Hardware maintenance, the unsung hero of IT or “what hero culture?”

Posted on by
Reply

How does one keep an IT Infrastructure in top form? With care, knowledge, dedication and maintenance. For some this still comes as a surprise. To many the job is done when a product or software is acquired, sold or delivered. After all what else is there to be done?

Lots. True analysis, design and architecture requires a serious effort. Despite the glossy brochures the world isn’t a perfect and shiny as it should be. Experience and knowledge go a long way in making sure you build solid solutions that can be maintained with minimal impact on the services.

Maintenance must be one of the least appreciated areas that are valuable and necessary. The things we do that management, not even IT management, knows about are numerous. Let alone that they would understand what and why.

Take firmware upgrades for example. Switches, load balancers, servers …. The right choice of a solution and the right design means you’ll be able to do maintenance without downtime or service impact.

Who’s manager knows that even server PSUs need upgrades? Do they realize how much down time that takes for a server with redundant power supplies?

image

It takes up to 20-25 minutes per node. Yes! So you see that 10Gbps live migration network has yet another benefit, cuts down on the total time needed to complete this effort in a cluster. Combine it with Cluster Aware Updating and it’s fully automated. Just make sure people in ops know it takes this long or they might start trouble shooting something that’s normal. So you want to have clusters, you want independent redundant switches or MLAG/VLT, vPC, …

image

Yes, an older switch model, but the only stack still in use in a data center. At client sites I don’t mind that much, different workload.

Think about your storage fabrics, load balancers, gateways … all redundant & independent to allow no service affecting maintenance.

If you do not have a solution & practices in place that keep your business running during maintenance people might avoid it. As a result you might suffer down time that’s classified as buggy software or unavoidable hardware failure. But there is another side to that medal, the good old saying “if it ain’t broke, don’t fix it”. On top of that even hardware maintenance requires care and needs a plan to deal with failure; it to has bugs and can go wrong.

There is a lot of noise about the “hero” culture or IT Ops and a “cowboy mentality” with system administrators. Partially this is supposed to be cultivated by the fact they get rewarded for being a hero, or so I read. In my experience that’s not really the case, you work at night or through the night and have to show up at work anyway and explain what went wrong. No appreciation, money or anything.  Basically you as an admin pay the price. There is no over time pay, on call remuneration or anything. Maybe it’s different but I have not seen many “hero cultures” in real life in IT Ops (as said we pay personally for our mistakes or misfortunes). Realistically I have the perception that the“cowboy culture” is a lot more rampant at the white collar managers  level. You known when they decide to buy the latest and greatest solution du jour to fix something that isn’t caused by existing products or technology. When it blows up it’s an operational issue. Right? Well, don’t worry, the cloud will make it all go way! Cloud. Sure, cloud is big and getting bigger. It brings many benefits but also drawbacks, especially when done wrong. There are many factors to consider and it can’t be done just like that. It needs the same care and effort in analysis, design, architecture, deployment as all other infrastructure.
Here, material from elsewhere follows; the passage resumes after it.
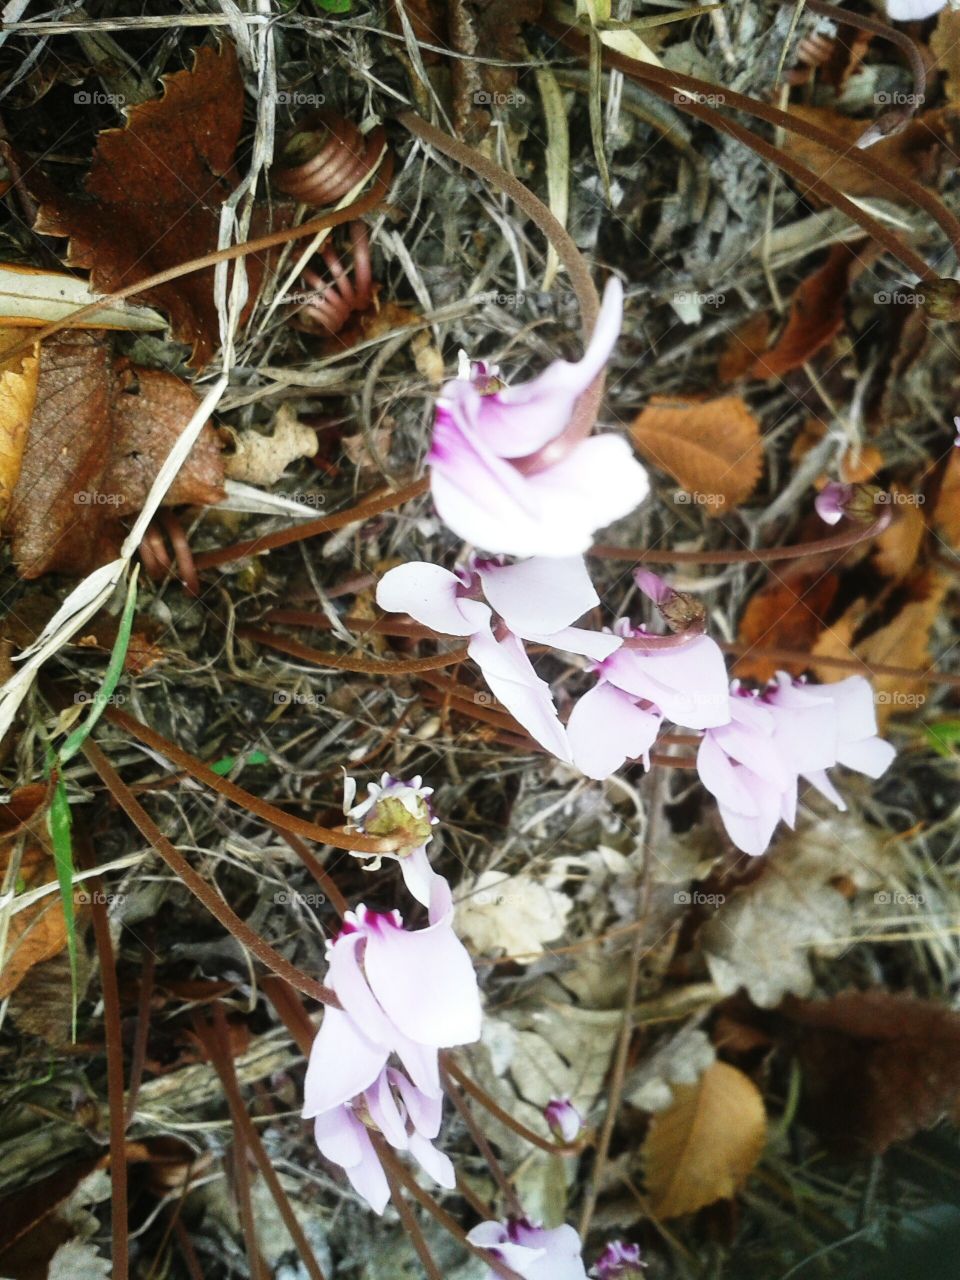 Wood violets

You see it’s not just operational ease where the benefit of cloud lies but in the fact that when done right it allows for a whole different way of building & supporting services. That’s where the real value is.
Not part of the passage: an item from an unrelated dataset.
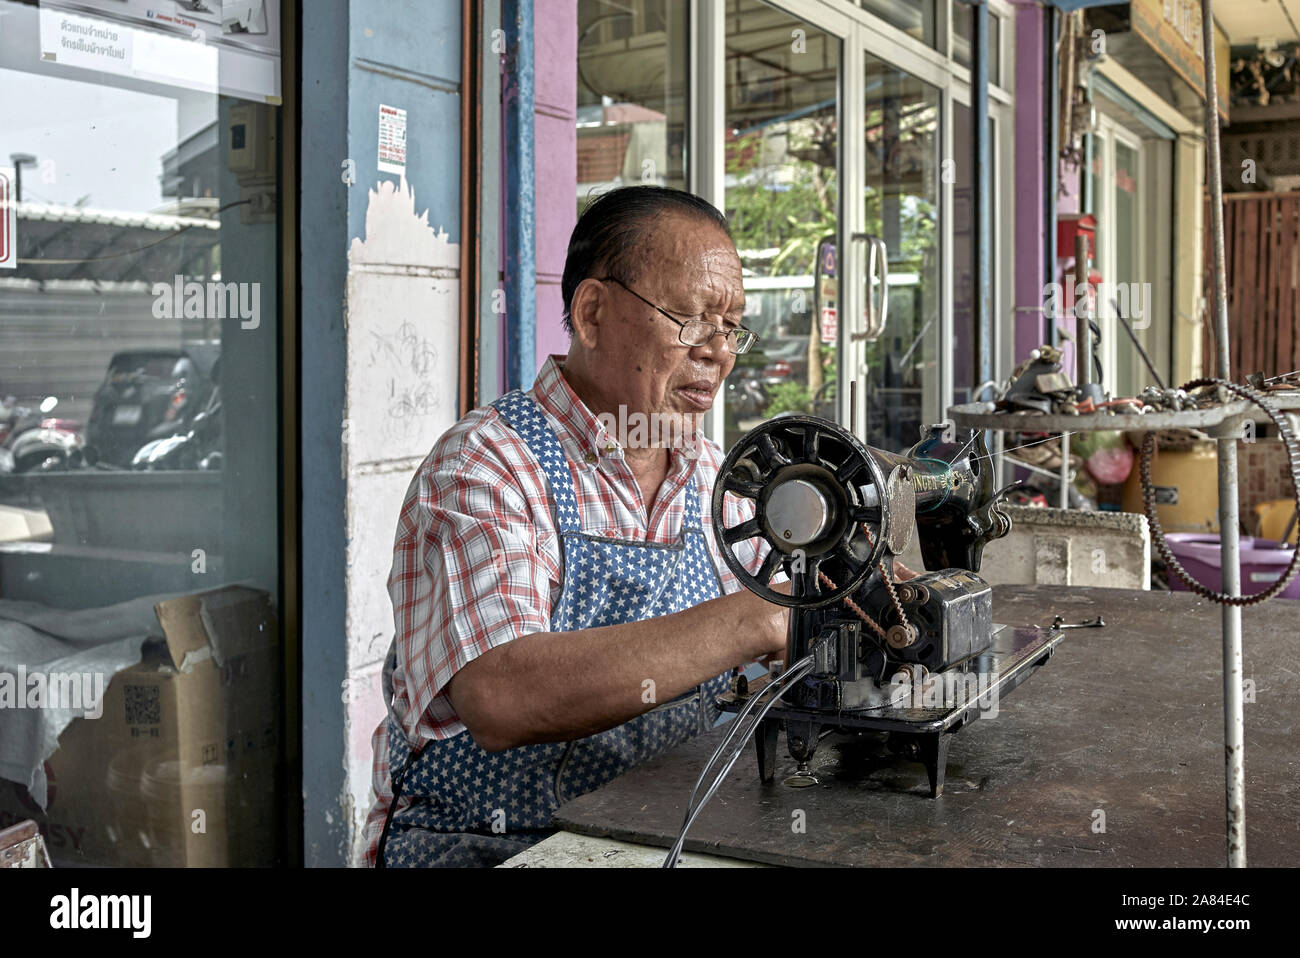 Le service de l'homme de réparation de machines à coudre Singer vintage. La Thaïlande Asie du sud-est Banque D'Images

So yes that’s why we do architecture and why we design with a purpose. So we can schedule regular maintenance.  So we can minimize or even avoid any impact. On premises we build solutions that allow this to be done during office hours and can survive even a failed firmware upgrade. In the cloud we try to protect against cloud provider failure. You might have notices they to have issues.

Cowboys? Hero culture? No me, site resilience engineering for the win!